The other thing to consider with regards to meetings is:

  • Are they effectively managed?
  • Have your employees been trained in facilitation?

Most meetings are not effectively managed or facilitated.  In the same Forbes article, the North America managing director for HP, Stephanie Dismore stated, “I tell my team ‘No objective, no attendance.’ “She says, if there’s not a clear goal, “I just decline the meeting.  If it’s important, it’ll get back on my calendar with an objective at some point.”

The 5 Ps of Effective Meetings

To help create more effective meetings, think about the “5 P’s”:

  • Purpose & outcomes – What are you looking to accomplish? Is the meeting to share information, brainstorm ideas, make decisions, present something new, etc.?  As mentioned above, “no objective, no attendance” can be a policy to adopt to make sure meeting objectives get clearly communicated from the onset.  When objectives are not clear, meetings become confusing and cause frustration by wasting precious time.
  • People – based on the purpose, who needs to attend the meeting and why? Is there a specific role you are looking for them to play or particular information you are asking from them?  Have they been made aware?  Make sure that is clearly conveyed.  The other thing to consider is each person’s location as that may determine the time and location of the meetings depending on time zone differences and the need for the meeting to be in-person, hybrid, or virtual.
  • Plan – design the agenda based on the purpose and type of meeting – a remote, hybrid, or in-person. Build from the place of the remote participant first.  Think about the efficiency of visuals as most people understand certain information better when conveyed graphically.  Remember to add breaks every 90 minutes so participants can remain focused.  Depending on the discussion focus, does the meeting need to be facilitated by a third party to get the best outcome?  What information needs to be sent ahead of time so participants can come prepared and meeting time is not wasted?  Have you built in time for asking questions or giving feedback?
  • Place – Depending on the type of meeting – remote, hybrid or in-person, the location is very important. Different locations create different energy.  Think about what you are trying to achieve.  What will be needed for technology?  Is everyone familiar with any technology that will be used?  If not, have you prepared them ahead of time?  If hybrid, will remote participants feel part of the meeting?  What needs to be considered related to logistics?  If in-person, have you considered accessibility, parking, safety, etc.?
  • Principles – do you follow a specific code of conduct for meetings? Has everyone been made aware of this code of conduct?  How will difficult situations be handled, such as sidebar conversations, decision-making, conversation dominators, etc.?  Facilitation skills can get overlooked but are extremely important for achieving the best outcomes and keeping people engaged throughout the meeting.  To help develop the skill in your employees consider rotating the meeting facilitation role to others in your organization.

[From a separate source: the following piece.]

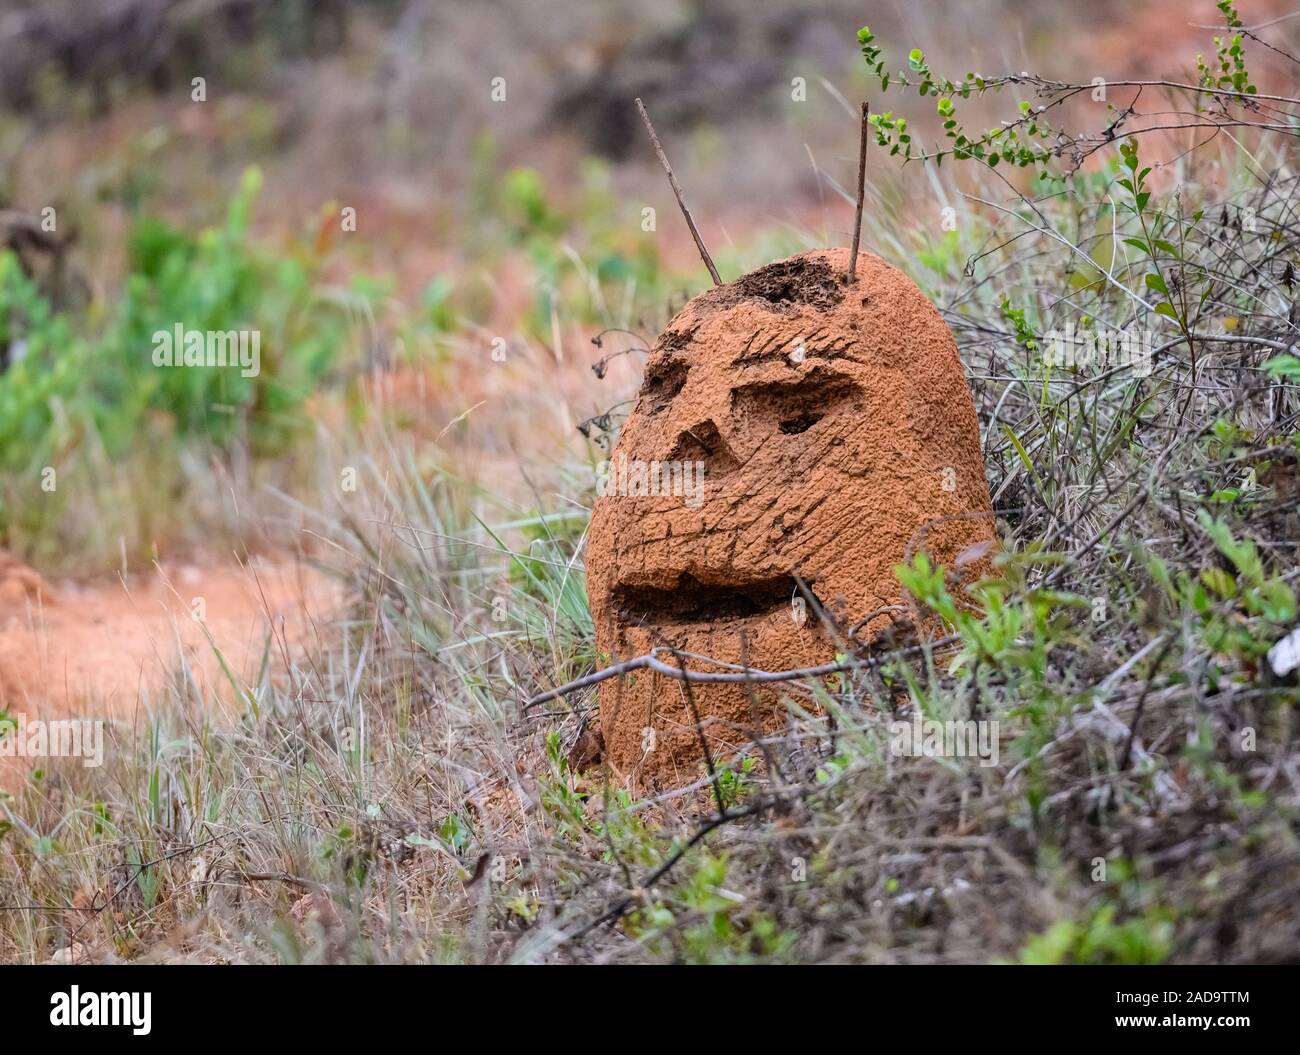 Prankster sculpté un visage humain sur un mont ant dans le Cerrado de Minas Gerais, Brésil, ne l'Amérique du Sud. Banque D'Images

By considering the 5P’s, meetings will be better prepared and run more smoothly.  For participants, if any of the 5P’s are missing, be sure to ask the meeting coordinator for the missing information ahead of time.  You will be doing everyone a favor.  Help others consider this information when they are requesting meetings to develop the habit of running better meetings within your organization.

Frustration is part of life but if we can help cut out some of the unnecessary frustrations that occur in our life created by ineffective meetings, the question is why not?